Natural language explanations (NLEs) are commonly used to provide plausible free-text explanations of a model's reasoning about its predictions. However, recent work has questioned their faithfulness, as they may not accurately reflect the model's internal reasoning process regarding its predicted answer. In contrast, highlight explanations--input fragments critical for the model's predicted answers--exhibit measurable faithfulness. Building on this foundation, we propose G-Tex, a Graph-Guided Textual Explanation Generation framework designed to enhance the faithfulness of NLEs. Specifically, highlight explanations are first extracted as faithful cues reflecting the model's reasoning logic toward answer prediction. They are subsequently encoded through a graph neural network layer to guide the NLE generation, which aligns the generated explanations with the model's underlying reasoning toward the predicted answer. Experiments on T5 and BART using three reasoning datasets show that G-Tex improves NLE faithfulness by up to 12.18% compared to baseline methods. Additionally, G-Tex generates NLEs with greater semantic and lexical similarity to human-written ones. Human evaluations show that G-Tex can decrease redundant content and enhance the overall quality of NLEs. Our work presents a novel method for explicitly guiding NLE generation to enhance faithfulness, serving as a foundation for addressing broader criteria in NLE and generated text.

Paper Structure

This paper contains 46 sections, 6 equations, 3 figures, 17 tables.

Figures (3)

  • Figure 1: Faithfulness comparison between a self-rationalization model without (top) and with (bottom) the proposed G-Tex. Highlight explanations reveal the model's reasoning behind the predicted label with high faithfulness.
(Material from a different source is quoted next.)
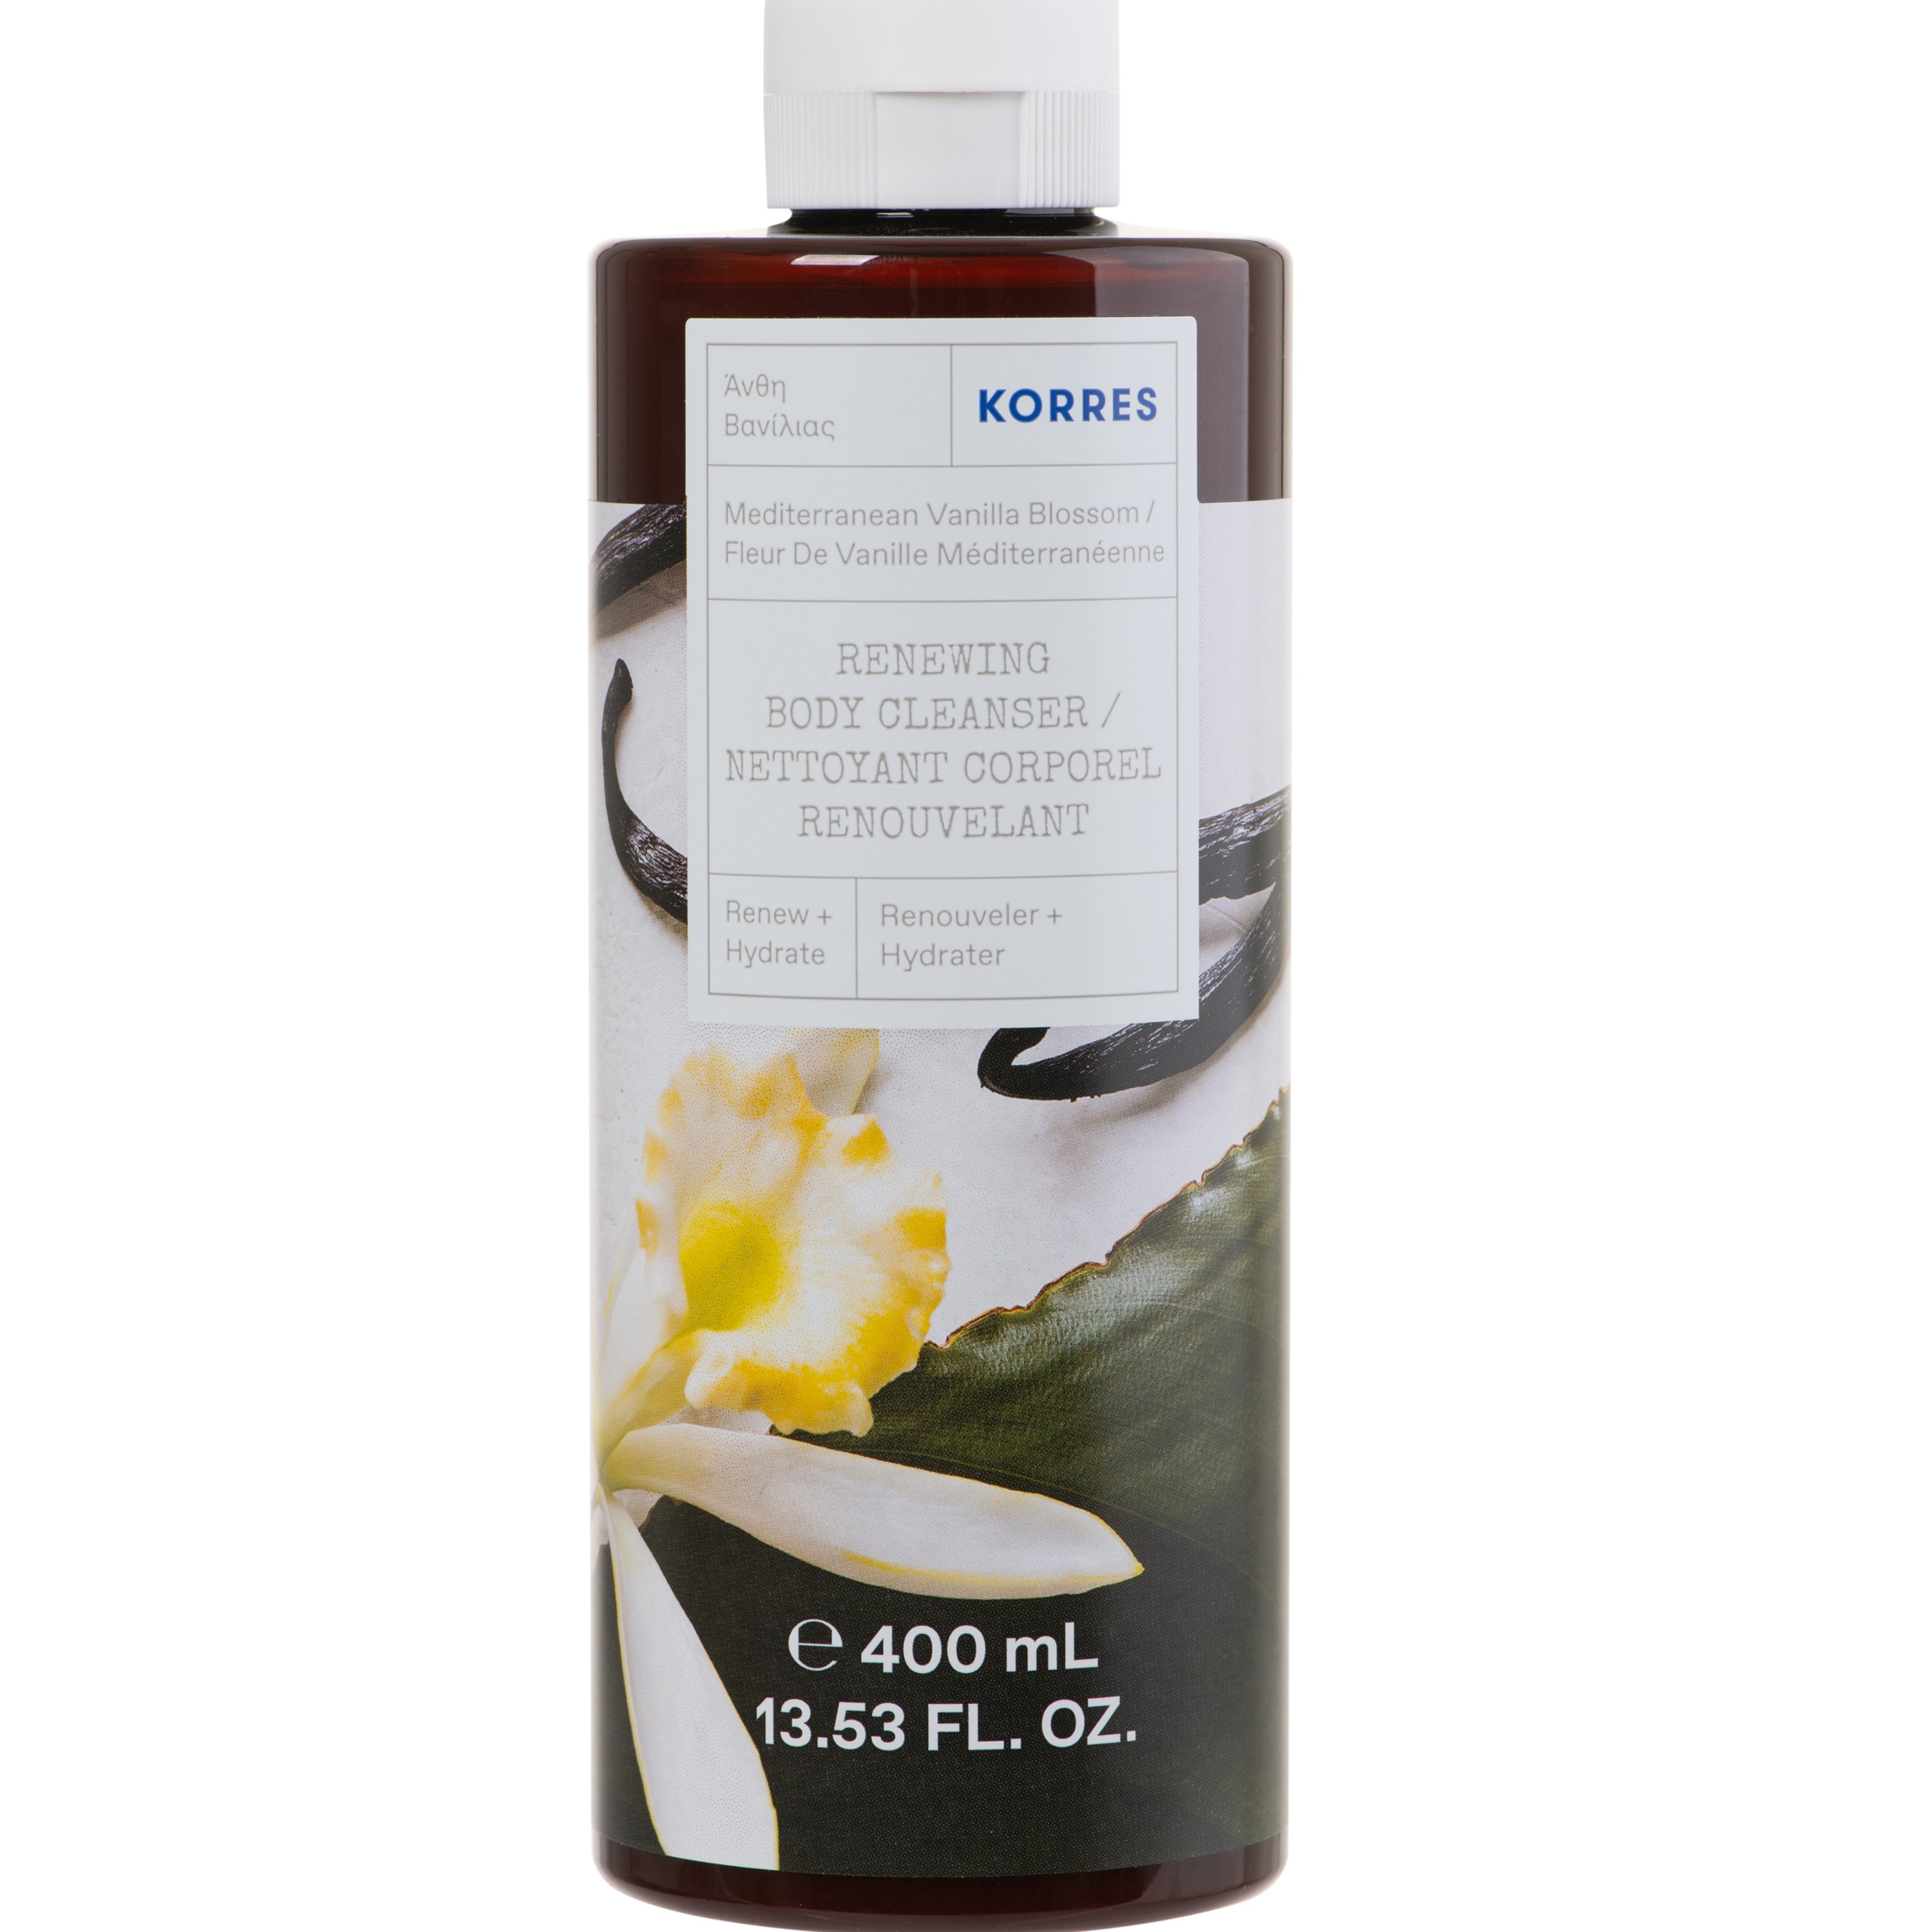 Korres Renewing Body Cleanser Mediterranean Vanilla Blossom Shower Gel Αναζωογονητικό, Ενυδατικό Αφρόλουτρο με Ιδιαίτερο Άρωμα Βανίλιας & Απαλές Νότες από Λευκά Άνθη 400ml

Without G-Tex, these important tokens are omitted in the NLE while G-Tex guides the model to incorporate them in the generated NLE.
  • Figure 2: Illustration of our framework G-Tex, which consists of four key steps: (1) We train a base model such as T5 using the task-specific dataset for label prediction (§\ref{['sec:post_hoc_explanation_and_predicted_label:method']}). (2) We extract three types of highlight explanations from the trained model (§\ref{['sec:post_hoc_explanation_and_predicted_label:method']}). (3) We construct the graph structure based on the highlight explanations (§\ref{['sec:post_hoc_explanation_as_graph:method']}) (4) We integrate the graph structure into the model with a GNN layer (§\ref{['sec:Graph_Neural_Network_Layer:method']}, §\ref{['sec:integrate_gnn:method']}) and fine-tune the overall model for label prediction and NLE generation (§\ref{['sec:self-Rationalization_label:method']}).
  • Figure 3: We generate three different types of post-hoc highlight explanations and use them to construct graph structures guiding the NLE generation within our framework. For simplicity, we present only a subset of the explanations for each type.